-- Data for processing follows --

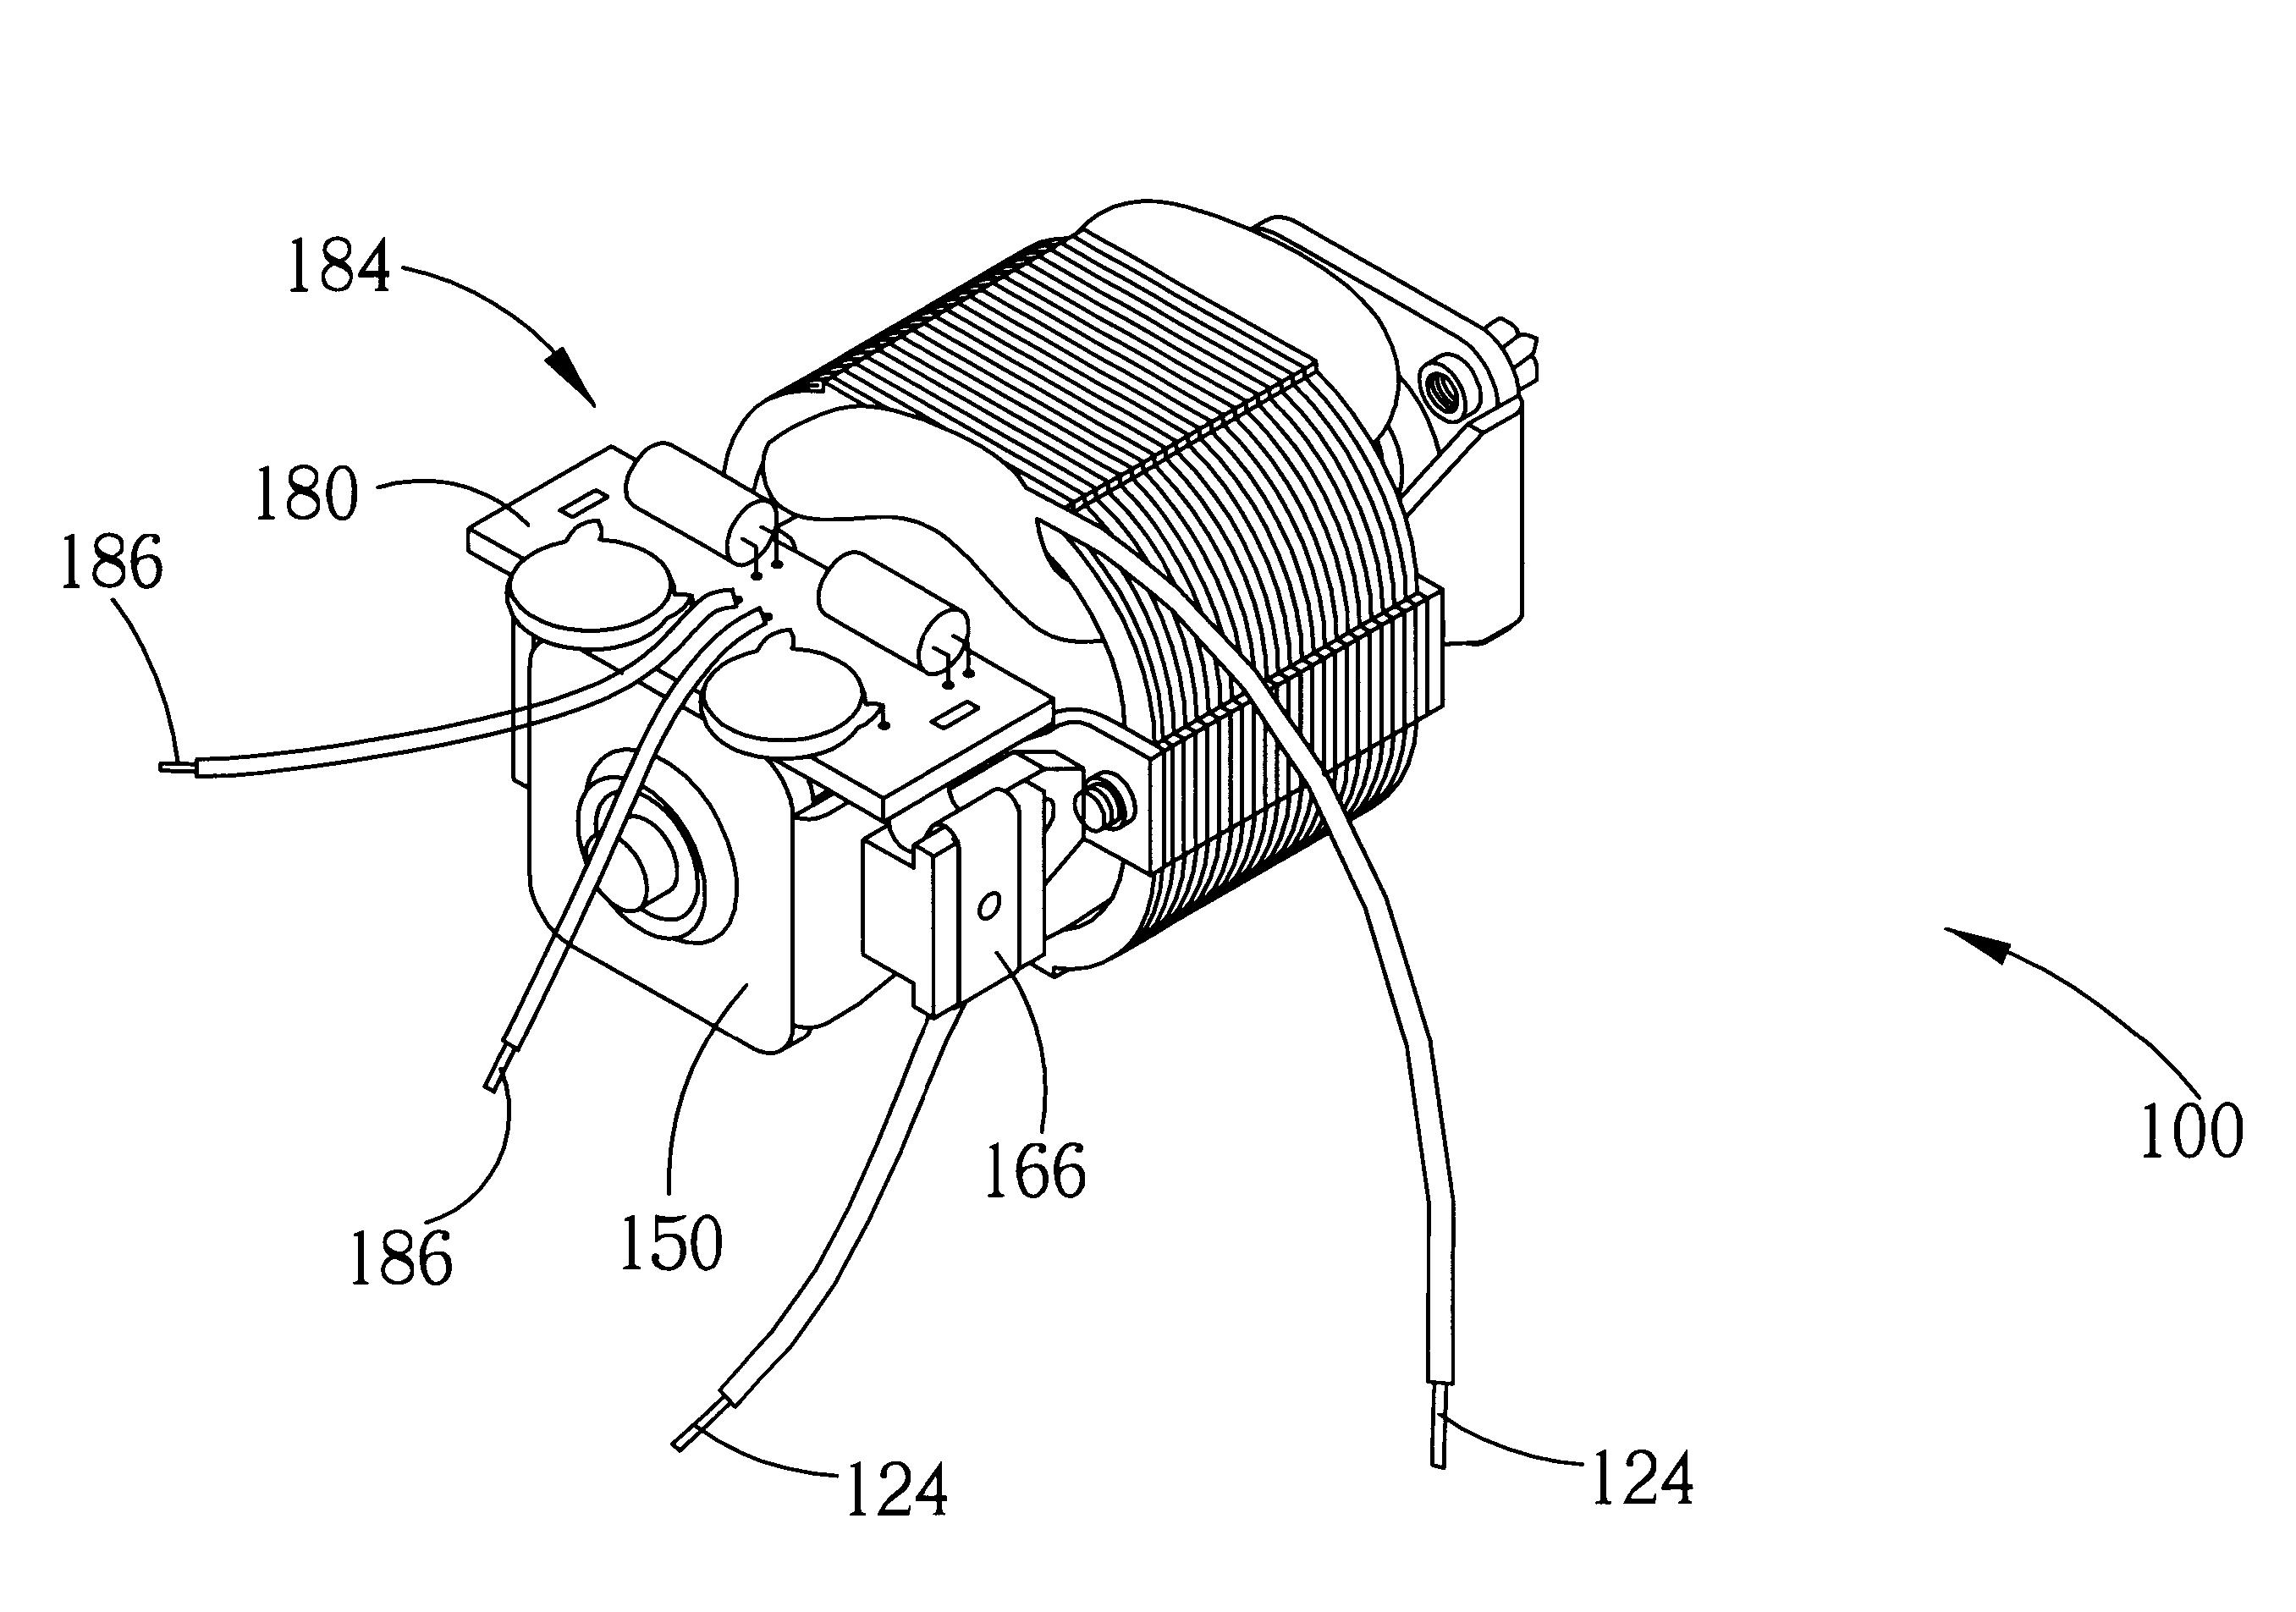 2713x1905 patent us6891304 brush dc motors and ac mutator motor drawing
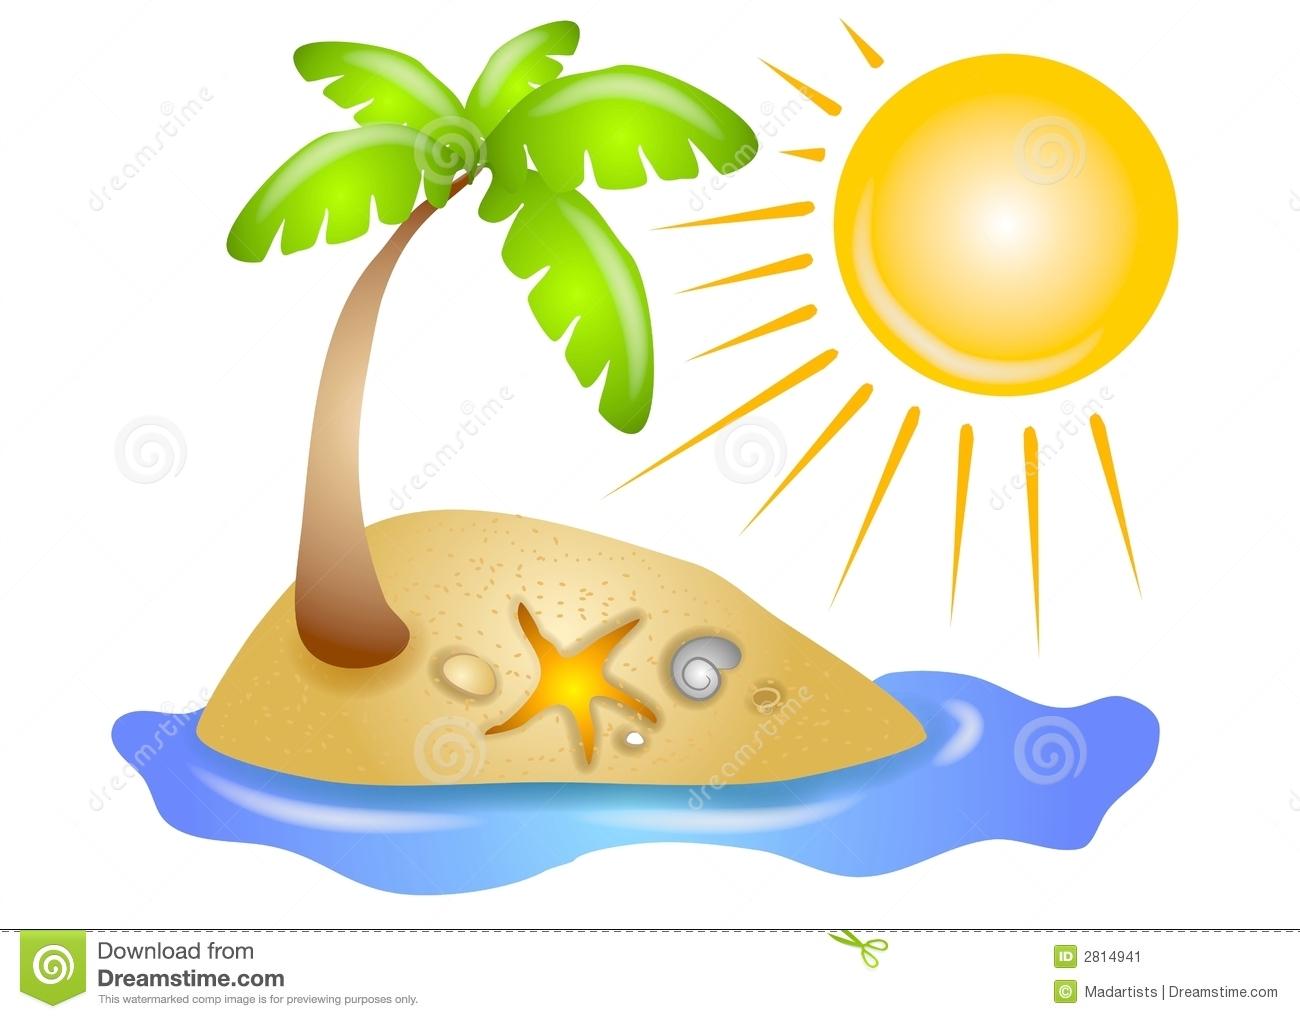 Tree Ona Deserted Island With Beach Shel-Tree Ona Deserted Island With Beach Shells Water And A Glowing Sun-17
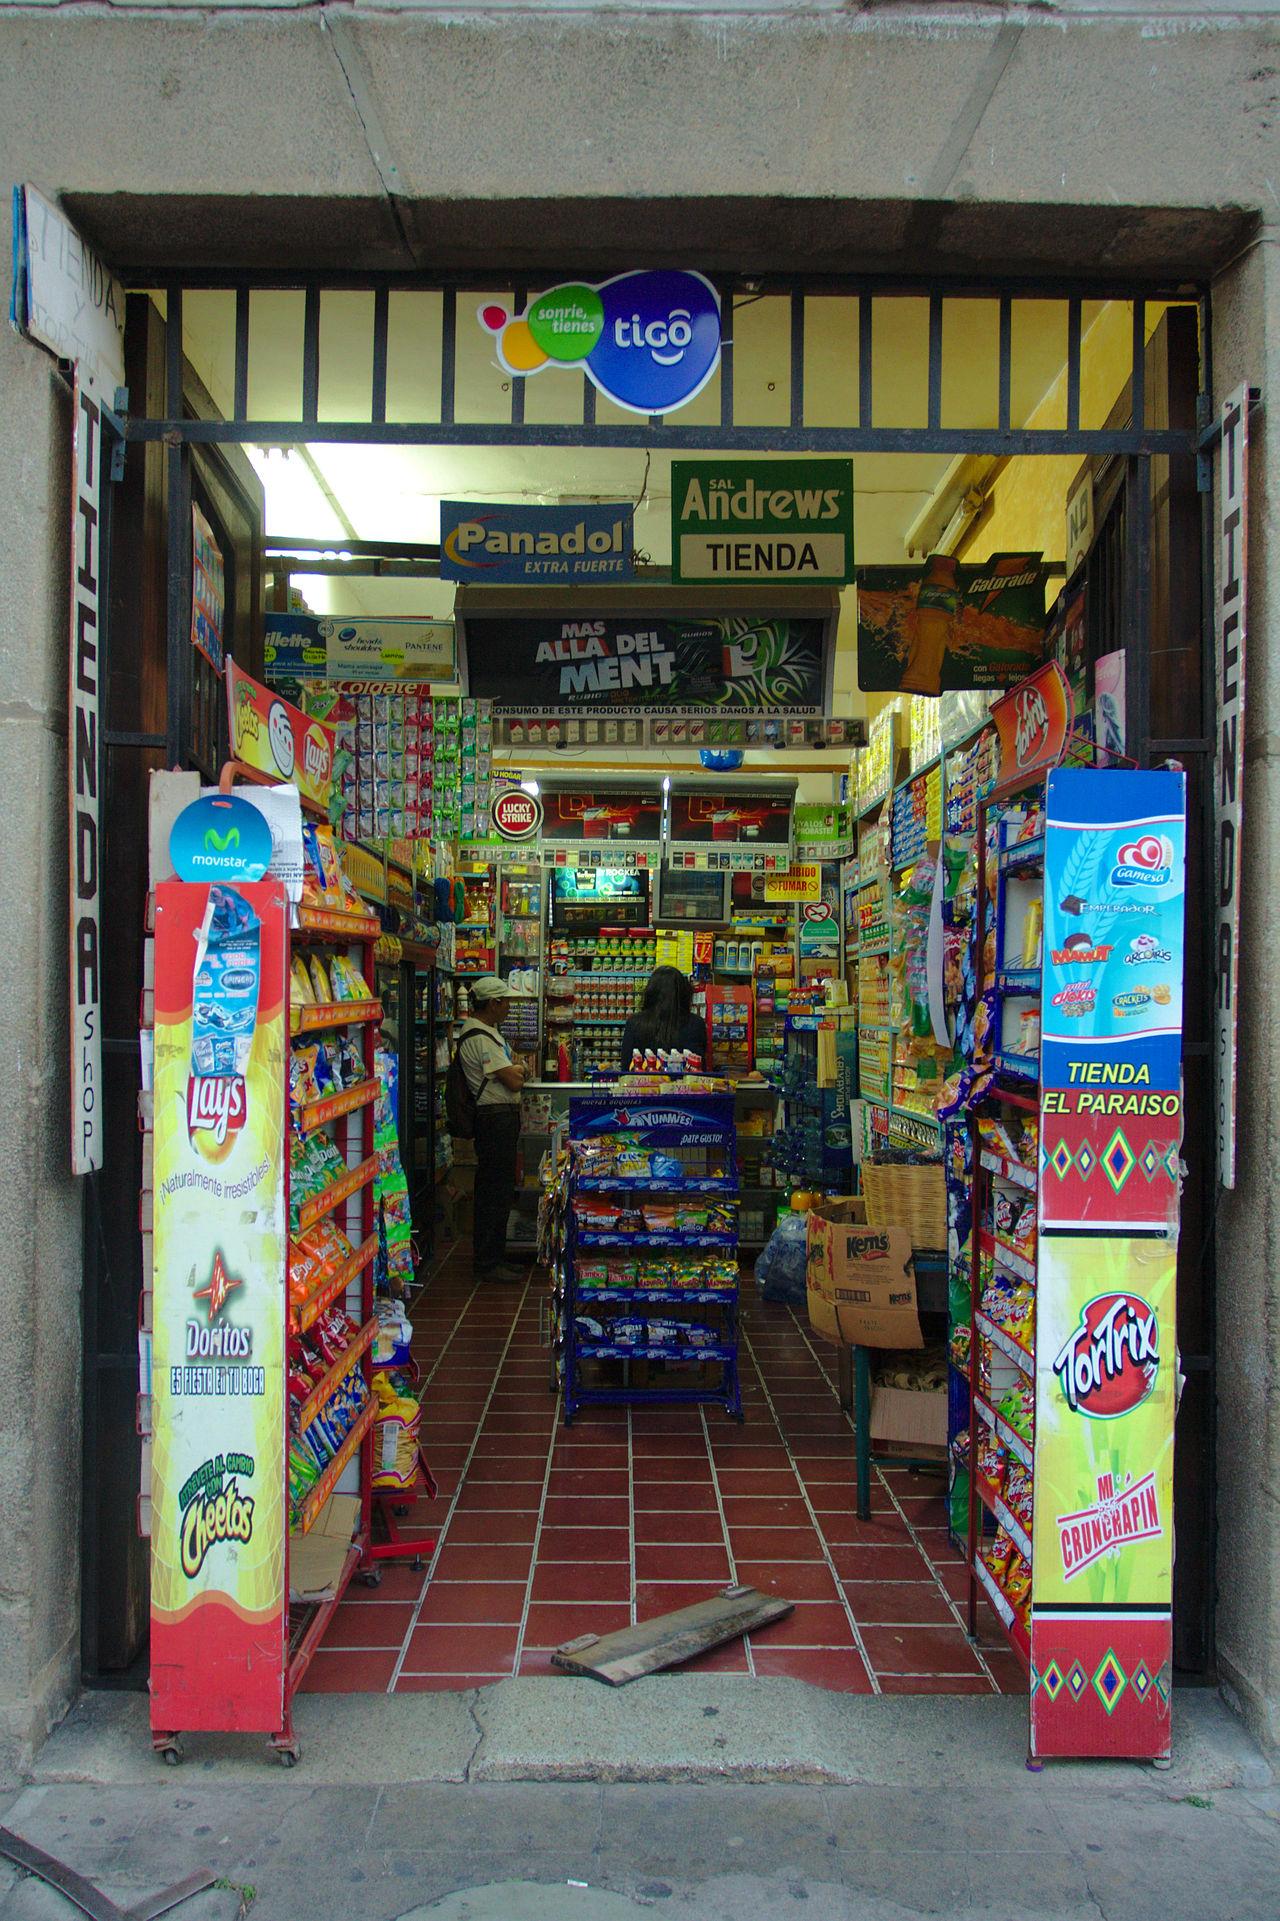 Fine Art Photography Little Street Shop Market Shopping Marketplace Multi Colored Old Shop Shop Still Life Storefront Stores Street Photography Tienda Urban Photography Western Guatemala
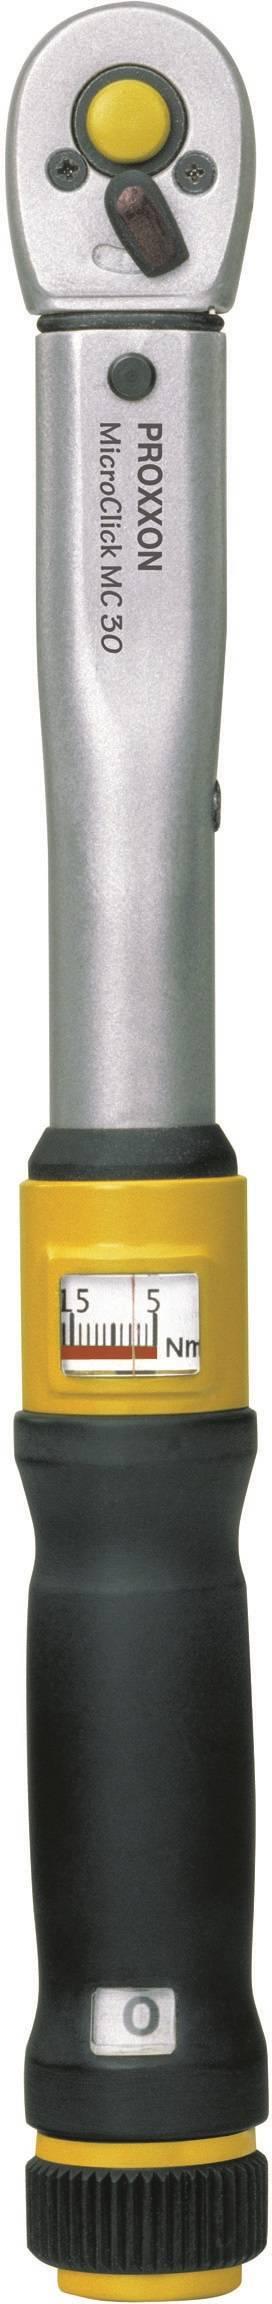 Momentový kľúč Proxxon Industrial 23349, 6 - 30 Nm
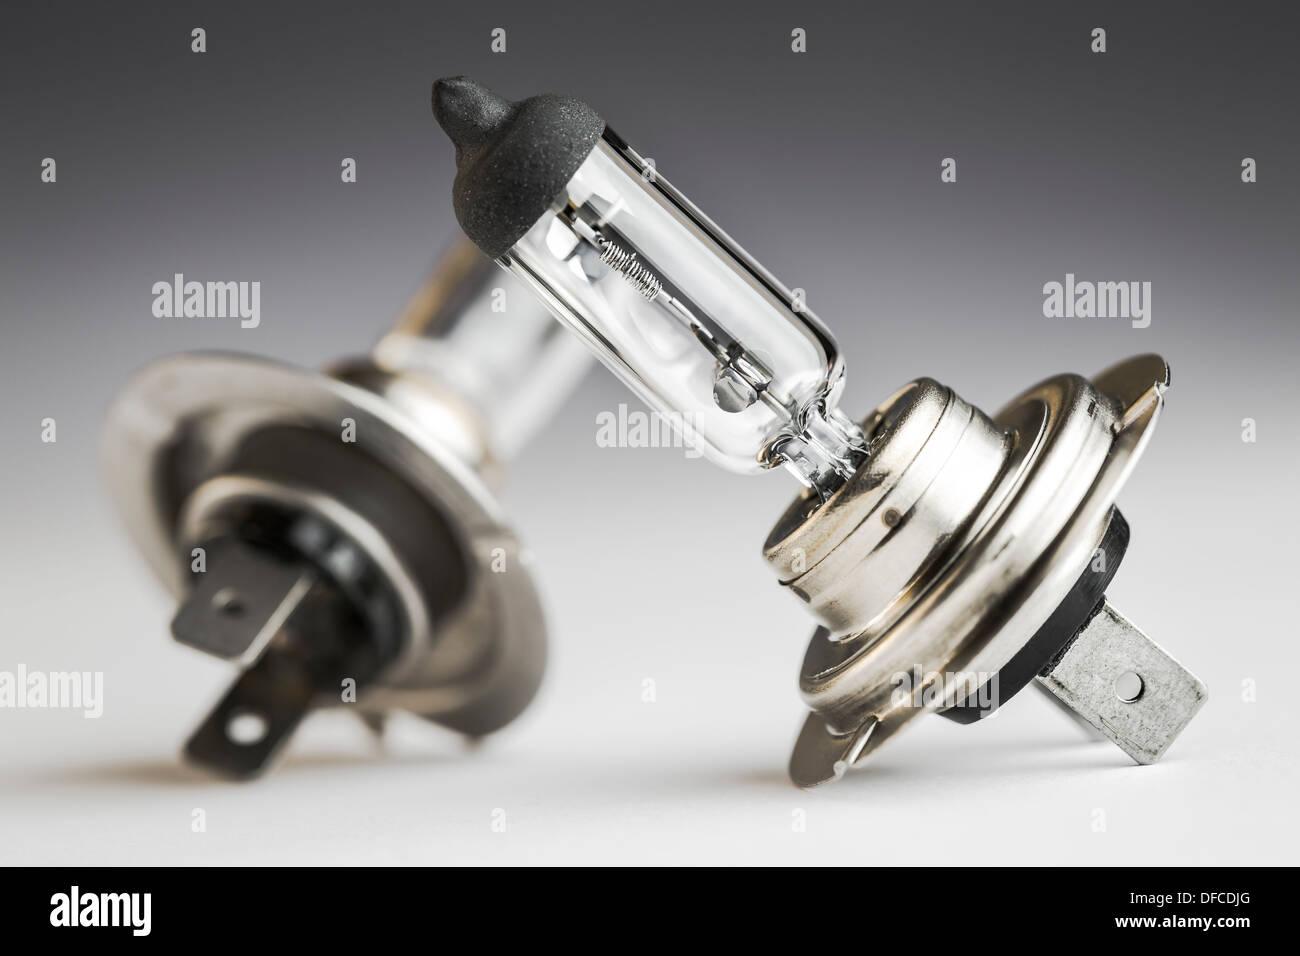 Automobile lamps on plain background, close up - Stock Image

-- Data for processing concluded --

About this task: Return the data exactly as it stands, minus the pictures.

Finished task:
 2713x1905 patent us6891304 brush dc motors and ac mutator motor drawing
 Tree Ona Deserted Island With Beach Shel-Tree Ona Deserted Island With Beach Shells Water And A Glowing Sun-17
 Fine Art Photography Little Street Shop Market Shopping Marketplace Multi Colored Old Shop Shop Still Life Storefront Stores Street Photography Tienda Urban Photography Western Guatemala
 Momentový kľúč Proxxon Industrial 23349, 6 - 30 Nm
 Automobile lamps on plain background, close up - Stock Image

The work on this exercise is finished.